Supplied material:
::::::::

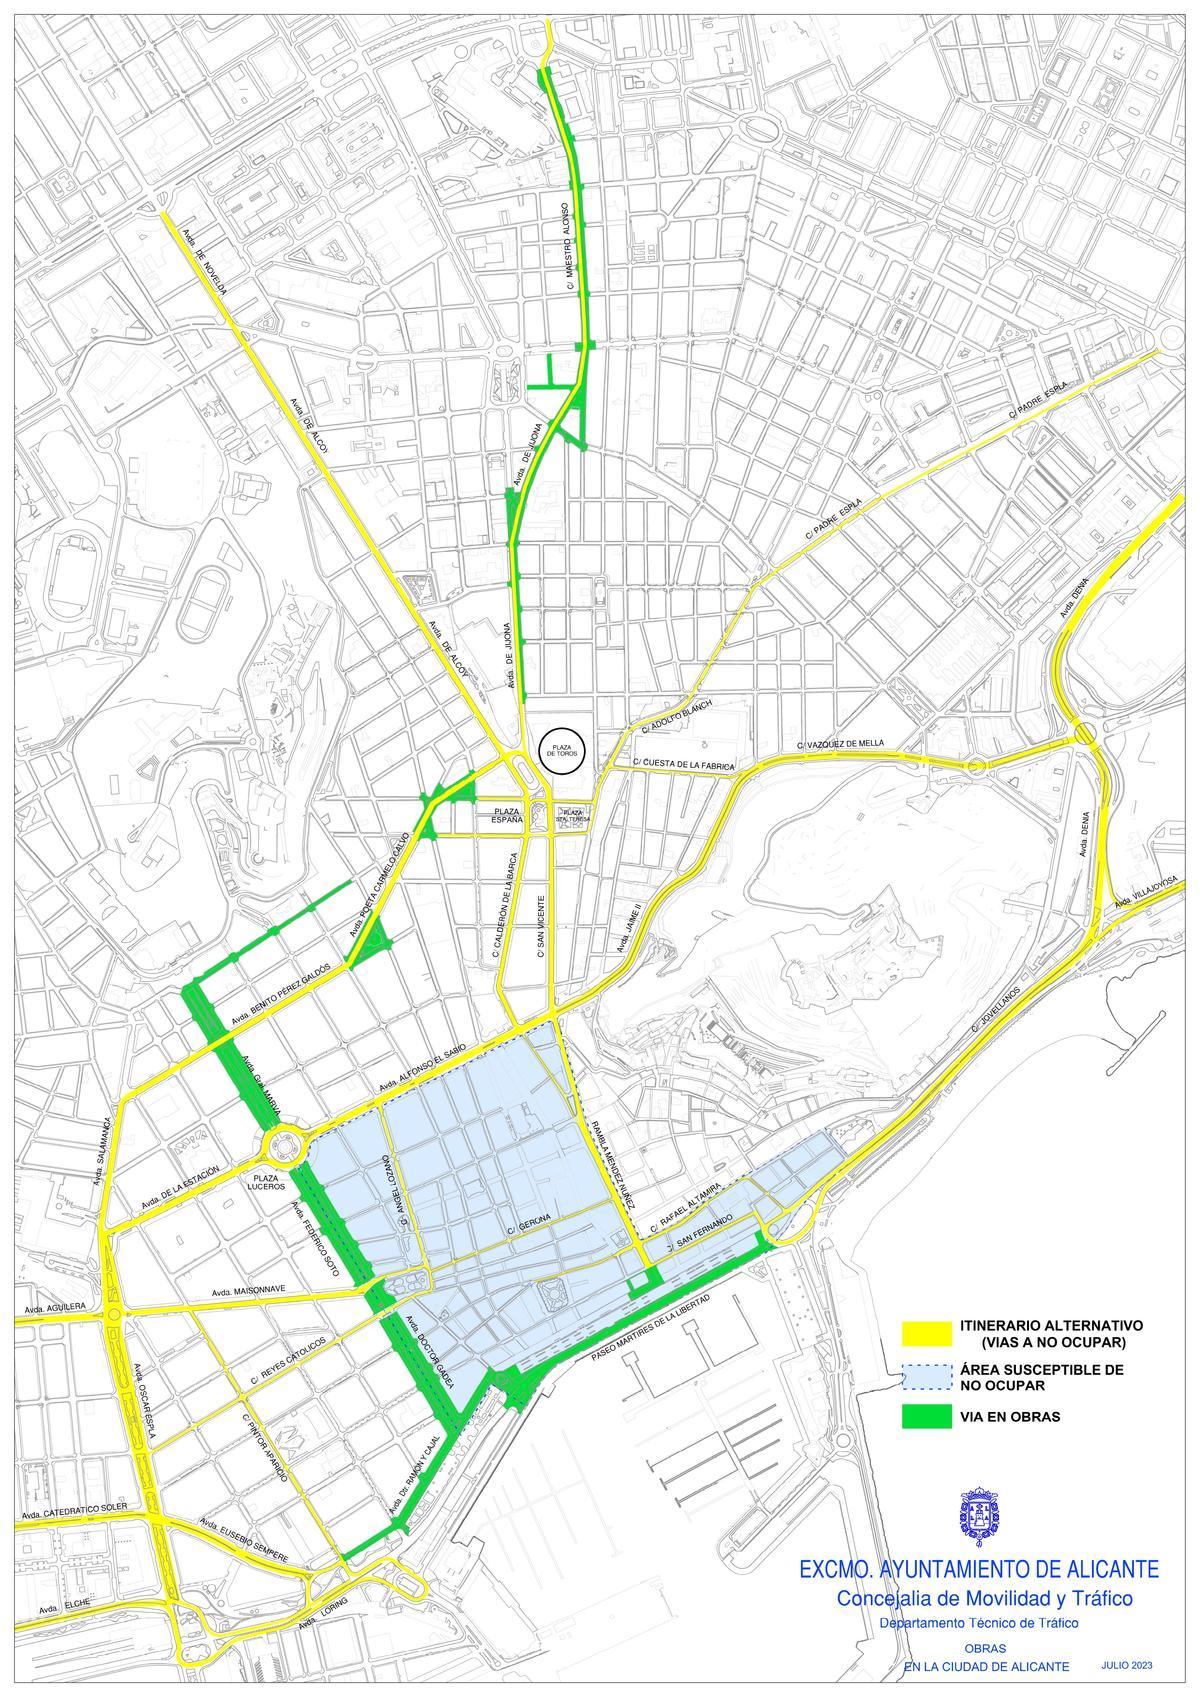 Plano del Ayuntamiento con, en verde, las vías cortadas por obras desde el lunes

::::::::

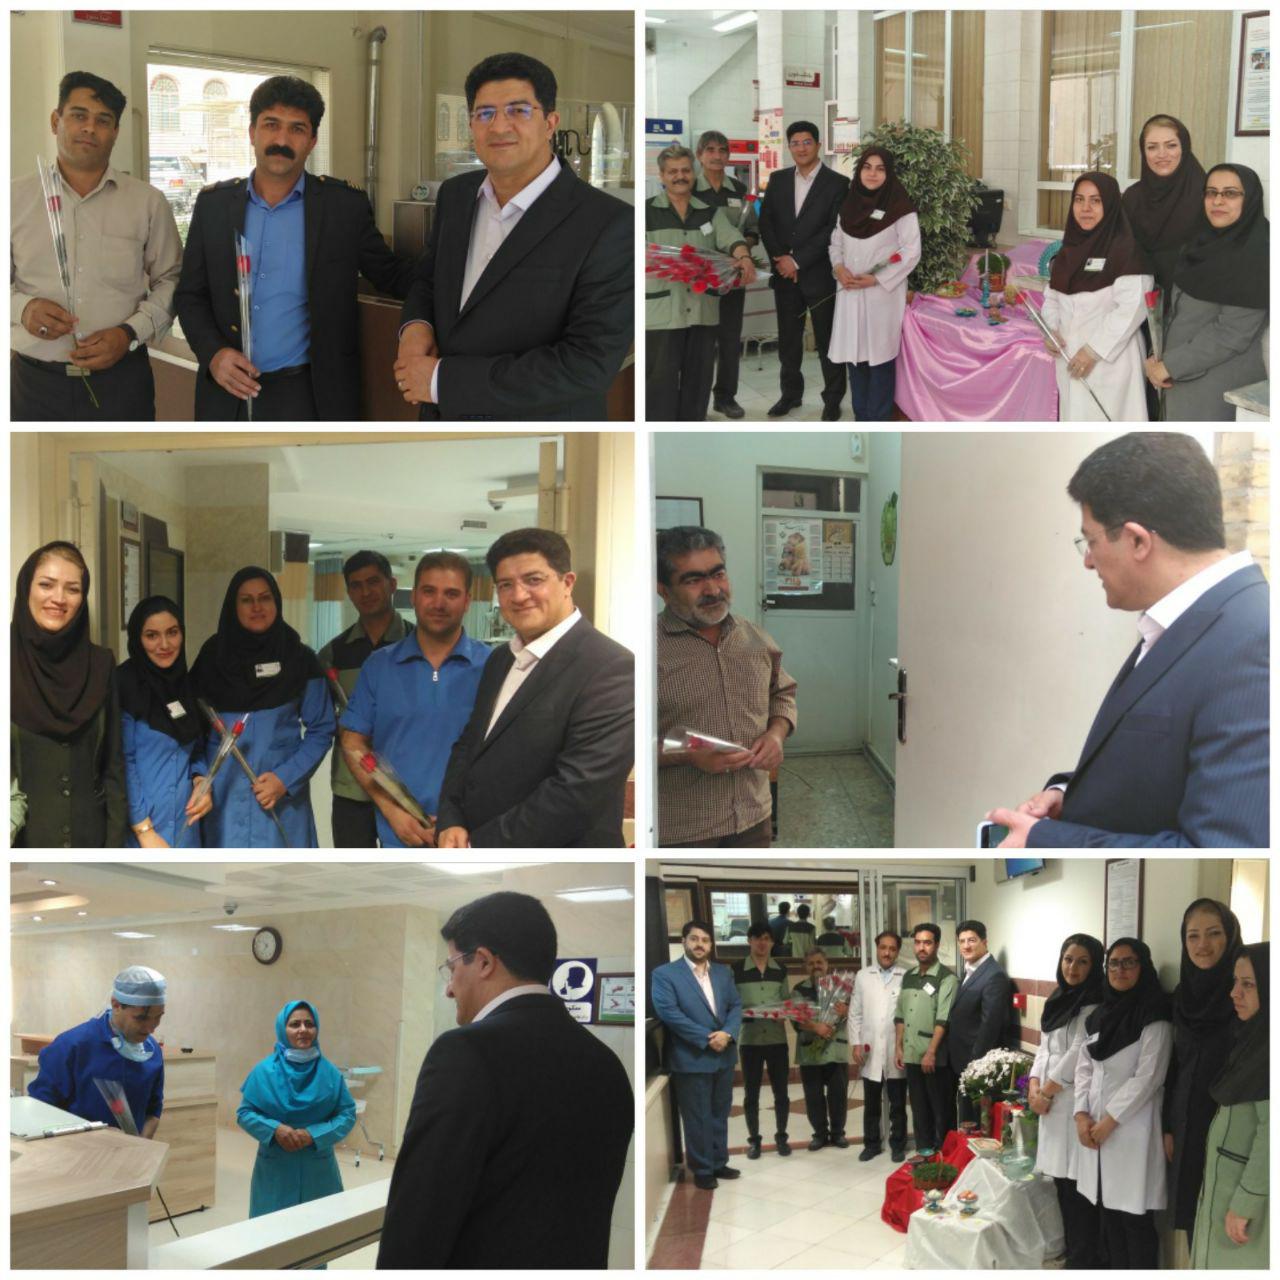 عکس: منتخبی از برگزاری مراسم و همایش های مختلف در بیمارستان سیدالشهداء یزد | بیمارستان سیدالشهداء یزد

::::::::

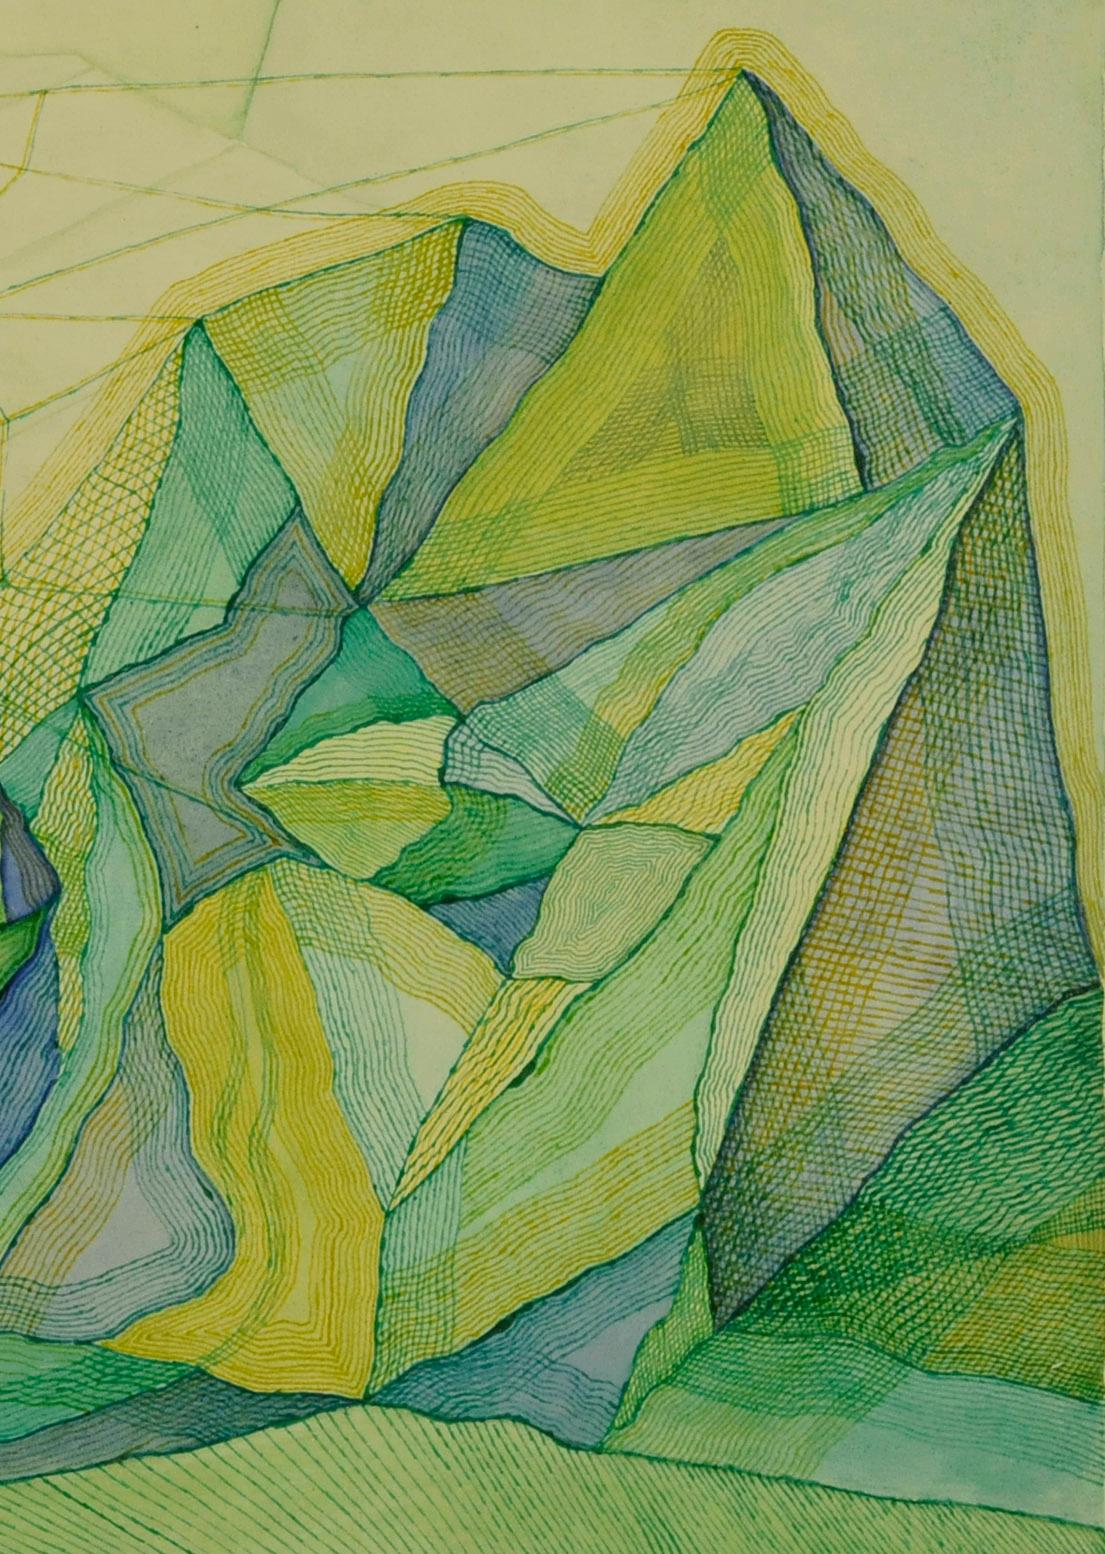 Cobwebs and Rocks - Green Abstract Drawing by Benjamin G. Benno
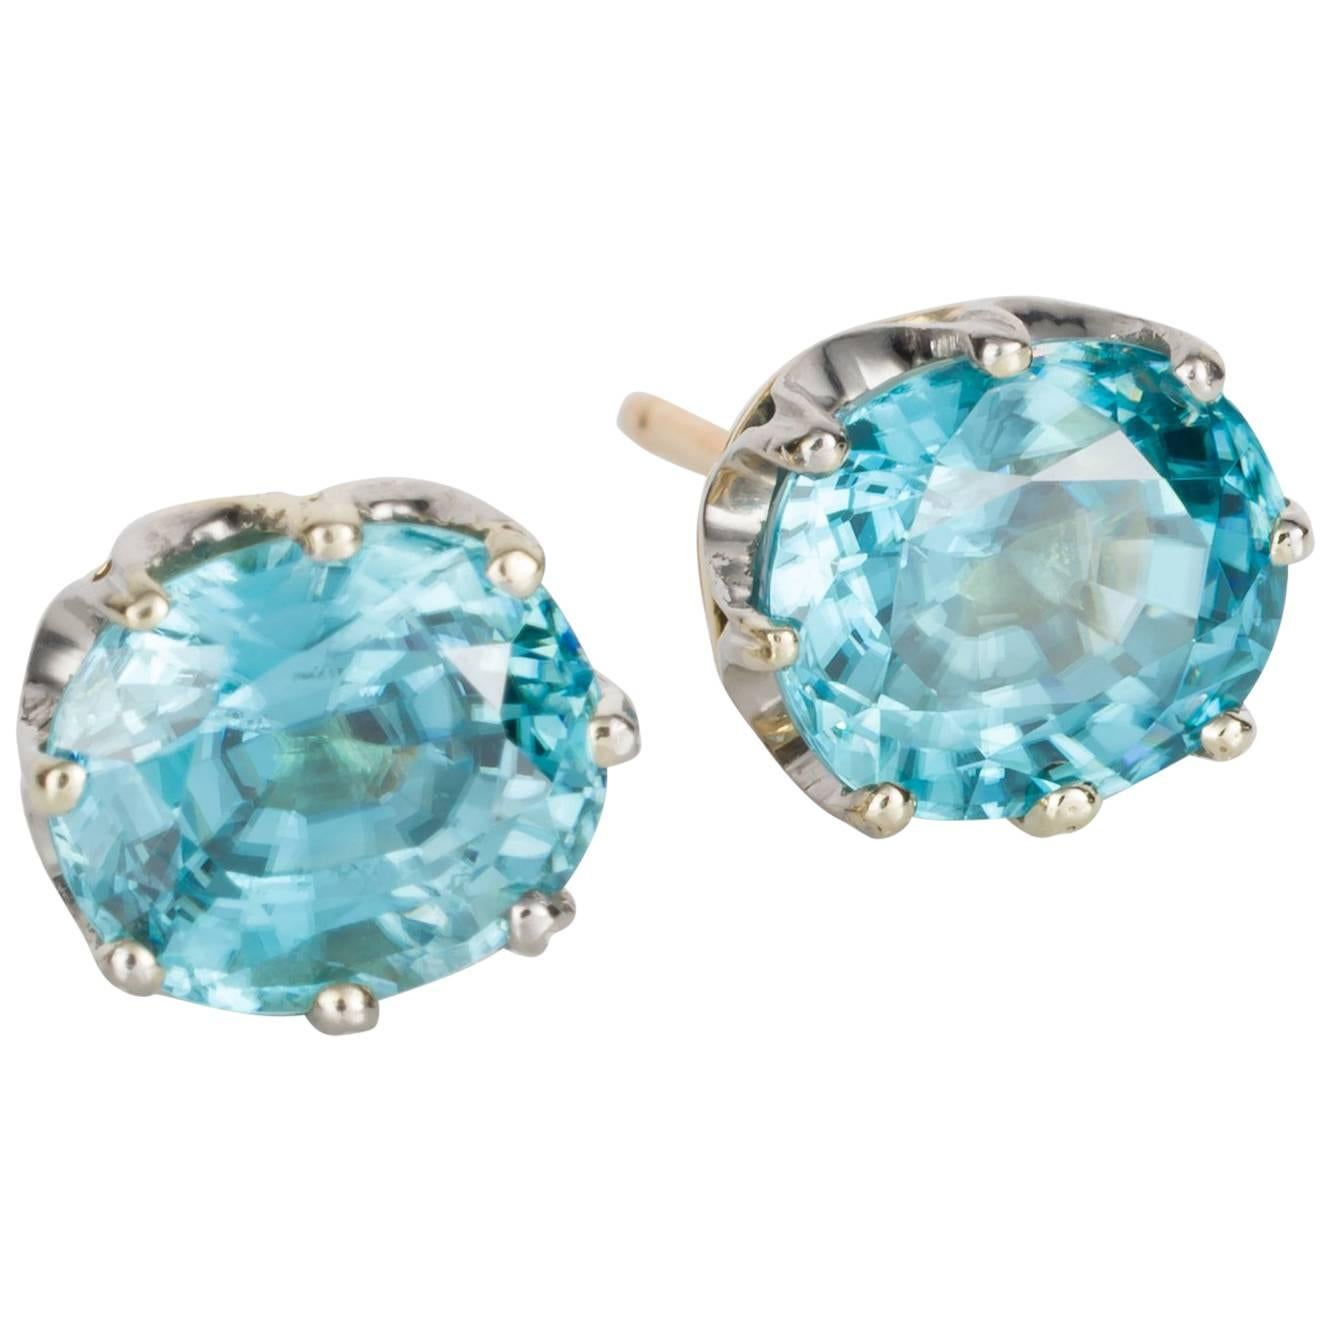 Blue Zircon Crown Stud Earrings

::::::::

Please output, exactly as written, the lines above from the one holding "Cobwebs and Rocks" through the one holding "Blue Zircon Crown Stud Earrings", both included, with the pictures omitted.

 Cobwebs and Rocks - Green Abstract Drawing by Benjamin G. Benno
 Blue Zircon Crown Stud Earrings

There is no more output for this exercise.